The genotyping was performed by using the polymerase chain reaction-restriction fragment length polymorphism (PCR-RFLP) method, and the primers for VKORC1 were provided by Invitrogen Trading Co. Ltd., Shanghai, China (Table 1). The reaction system (25 μl) included 2.0 μl template DNA, 0.5 μl 100 μmol/L upstream and downstream primers for −1639 G/A (1μl 100 μmol/L upstream and downstream for 1173 C/T and 497 T/G), 2.5 μl 10×PCR buffer (containing Mg2+), 2 μl 2.5 mmol/L dNTP, 0.25 μl TaqDNA polymerase and double distilled water with a pH value of 8.2. PCR started with initial denaturation at 95°C for 5 min and 35 cycles of denaturation at 94°C for 30 s, annealing at 60°C for 30 s (annealing at 55°C for 30 s for 1173 C/T) and extension at 72°C for 45 s, followed by a final extension at 72°C for 7 min. The PCR products of −1639 G/A, 1173 C/T and 497 T/G were digested by Msp I, Hinf I and Hph I restriction enzyme, respectively. PCR product (8 μl), 2 μl buffer, 8.5 μl dH2O and 1.5 μl 10 U/μl restriction enzymes were incubated at 37 °C overnight. The digested products (9 μl) were added in the sample wells of the negative-pole end of the 2.5% w/v agarose gel electrophoresis and electrophoresed at 120V for 30 min (Bromophenol blue as an indicator and ethidium bromide as a staining agent), and observed under an ultraviolet light.

Table 1

PCR primers for VKORC1–1639 G/A, 1173 C/T and 497 T/G.

Site	Sequence
VKORC1 −1639 A/G	Upstream primer: 5′-GCCAGCAGGAGAGGGAAATA-3′Downstream primer: 5′-AGTTTGGACTACAGGTGCCT-3′
VKORC1 1173 C/ T	Upstream primer: 5′-TAGGACTGT-CAACCCAGT-3′Downstream primer: 5′-AGTGACATG-GAATCCTGA-3′
VKORC1 497 T/G	Upstream primer: 5′-ATGGCAAGGCTGGTATAACG-3′Downstream primer: 5′-AGGATGGCGGTAGAGATTGA-3′

PCR – polymerase chain reaction.

Genotype analysis

The length of PCR amplification products of VKORC1–1639 A/G was 290 bps. The wild type homozygote GG was digested by Msp I, producing two fragments of 168 bps and 122 bps. The mutant heterozygote AG yielded three fragments of 290 bps, 168 bps and 122 bps after digestion, while the mutant homozygote AA produced only one fragment of 290 bps due to a lack of Msp I restriction site. The length of PCR amplification products of VKORC1 1173 C/T was 150 bps. The wide homozygote (CC type) cannot be digested by Hinf I and had only one fragment (150 bps), the mutant heterozygote (TC type) was partly cut and had three fragments (150, 100 and 50 bps), and the mutant homozygote (TT type) was cut into two fragments (100 and 50 bps). The length of PCR amplification products of VKORC1 497 T/G was 259 bps. The wild type homozygote TT was digested by Hph I, producing two fragments of 212 bps and 47 bps, the mutant heterozygote TG yielded three fragments (259, 212 and 47 bps) after digestion, while the mutant homozygote GG was not detected.

Statistical analysis

Measurement data were presented as mean ± standard deviation (SD), and enumeration data were presented as frequency.
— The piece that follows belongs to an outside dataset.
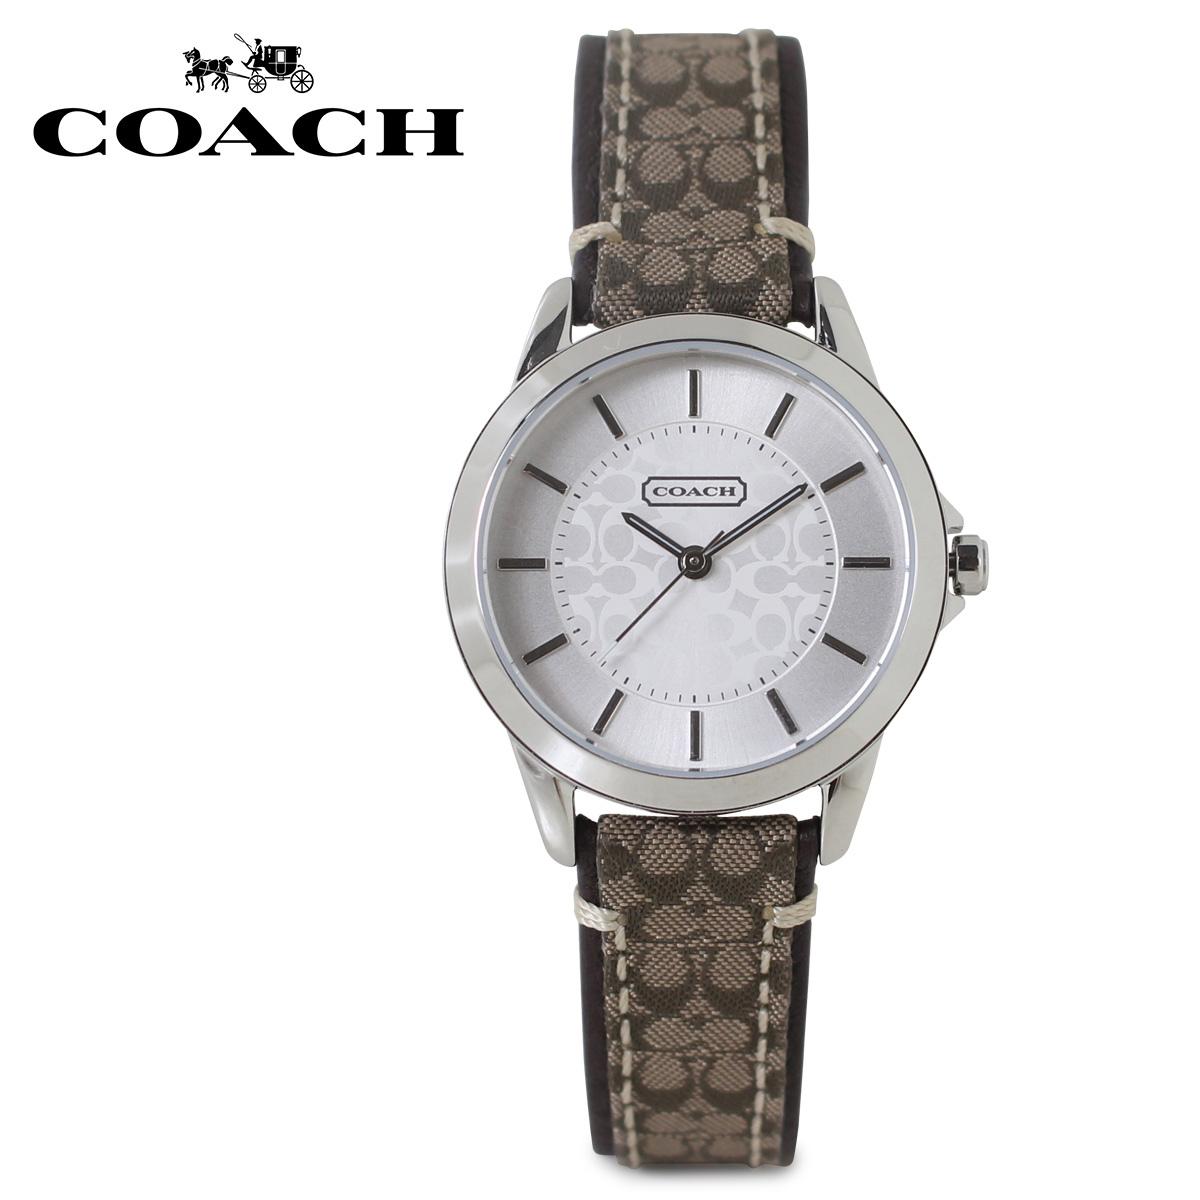 COACH 14501525 コーチ 腕時計 レディース シグネチャー レザー ブラウン

The χ2 test was used to detect if the gene distribution accorded with the Hardy-Weinberg equilibrium, and to compare genotype and allele frequency between groups. The comparisons of clinical characteristics and warfarin maintenance dose between different genotypes were conducted by using the t test or variance analysis. Linear regression method was used to analyze the relevances between warfarin maintenance dose and variables. A two-tailed significance level was used in all tests and a P value less than 0.5 was taken as statistically significant. All the analyses were performed using software SPSS17.0 (SPSS Inc., Chicago, IL, USA).

Results

Baseline characteristics

A total of 278 patients who underwent cardiac valve replacement were enrolled to this study, including 117 males and 161 females, with age ranging from 18 to 75 years (mean age, 42.50±13.89 years). Among them, 100 patients (35.97%) aged ≥50 years and 178 patients (64.03%) aged <50 years. Average BMI was 18.37±3.59 kg/m2 for all the enrolled patients, with 217 patients (78.06%) in the low BMI group, 41 patients (14.75%) in the normal BMI group, and 20 patients (7.19%) in the high BMI group. Average BSA was 1.54±0.15 m2, with 171 patients (61.51%) with BSA ≥1.5 m2, and 107 patients (38.49%) <1.5 m2. Seventeen patients (6.12%) underwent Bentall surgery, 60 patients (21.58%) underwent aortic valve replacement (AVR), 86 patients (30.94%) underwent mitral valve replacement (MVR), and 115 patients (41.37%) underwent double valve replacement (DVR). On the other hand, 21 patients (7.55%) received biological valve replacement, and 257 patients (92.45%) revived mechanical valve replacement. Average warfarin maintenance dose was 3.20±1.08 mg.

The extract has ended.